Cocamide Diethanolamine

Cocamide DEA or cocamide diethanolamine, is a diethanolamide made by reacting the mixture of fatty acids from coconut oils with diethanolamine. It is a viscous liquid used as a foaming agent in bath product like shampoos and hand soaps, and in cosmetics as an emulsifying agent.

Cocamide is a mixture of amides of the fatty acids obtained from coconut oil. As coconut oil contains about 50% of lauric acid, in formulas only the 12-carbon chains tend to be considered. Cocamide is the structural basis of many surfactants. Common are ethanolamines (cocamide MEA, cocamide DEA), or betaine compounds (cocamidopropyl betaine).

Diethanolamine, often abbreviated as DEA, is an organic compound. This colorless liquid is polyfunctional, being a secondary amine and a diol. Like other organic amines, diethanolamine acts as a weak base. Reflecting the hydrophilic character of the alcohol groups, DEA is soluble in water, and is even hygroscopic. Amides prepared from DEA are often also hydrophilic.

DEA is used as a surfactant and a corrosion inhibitor. It is used to remove hydrogen sulfide and carbon dioxide from natural gas.

In oil refineries, a DEA in water solution is commonly used to remove hydrogen sulfide from various process gases. It has an advantage over a similar amine ethanolamine in that a higher concentration may be used for the same corrosion potential. This allows refiners to scrub hydrogen sulfide at a lower circulating amine rate with less overall energy usage.

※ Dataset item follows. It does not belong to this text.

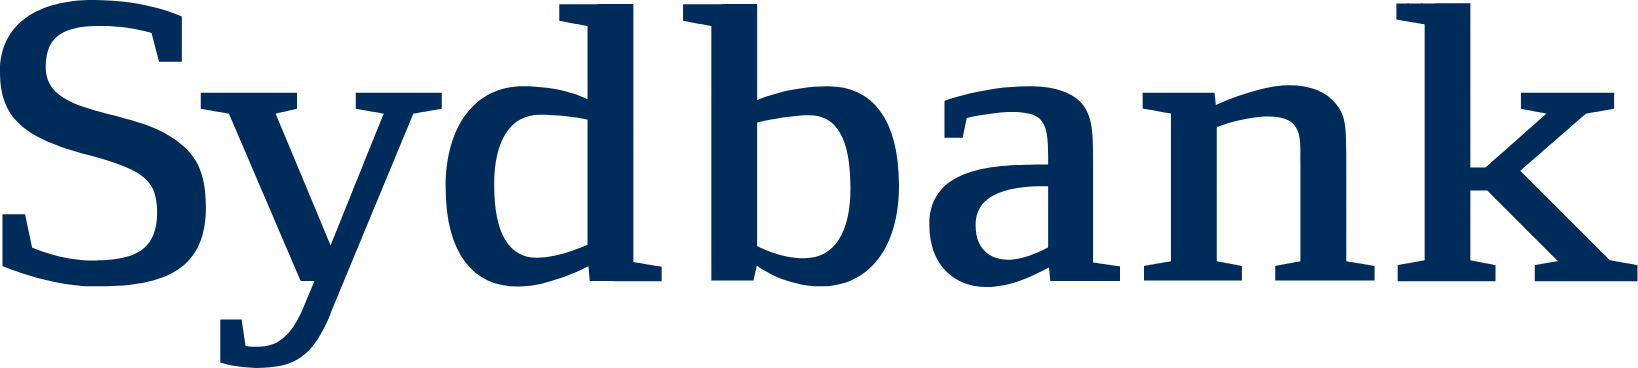 Sydbank A/S logo large (transparent PNG)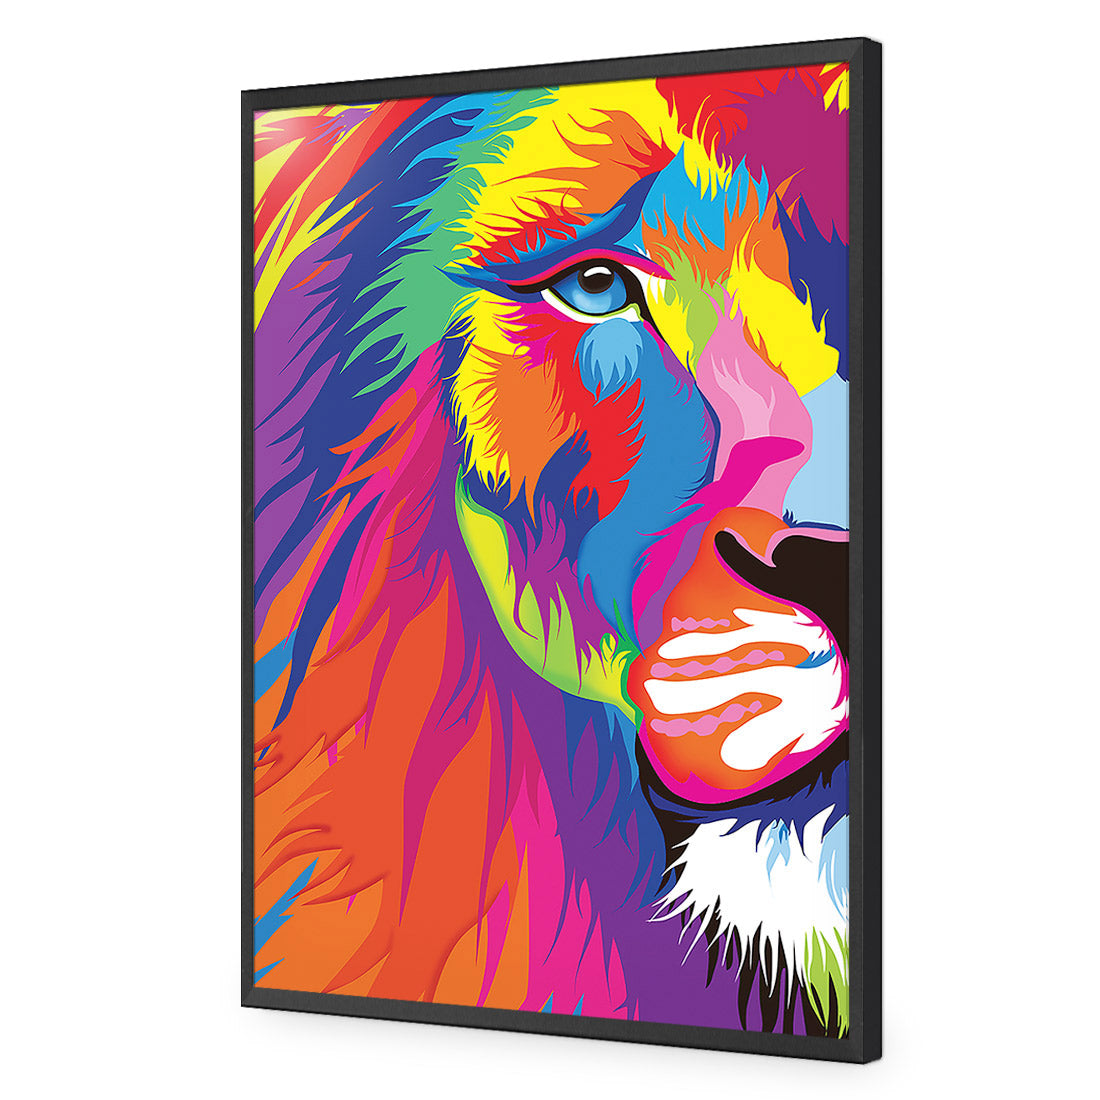 Magnificent Lion Acrylic Glass Art

DEA is a versatile chemical intermediate, principal derivatives include ethylenemine and ethylenediamine. Dehydration of DEA with sulfuric acid gives morpholine. Amides derived from DEA and fatty acids, known as diethanolamides, are amphiphilic. Diethanolmides are common ingredients in cosmetics and shampoos added to confer a creamy teccture and foaming action. Relevant derivatives of DEA include lauramide diethanolamine and cocamide diethanolamine.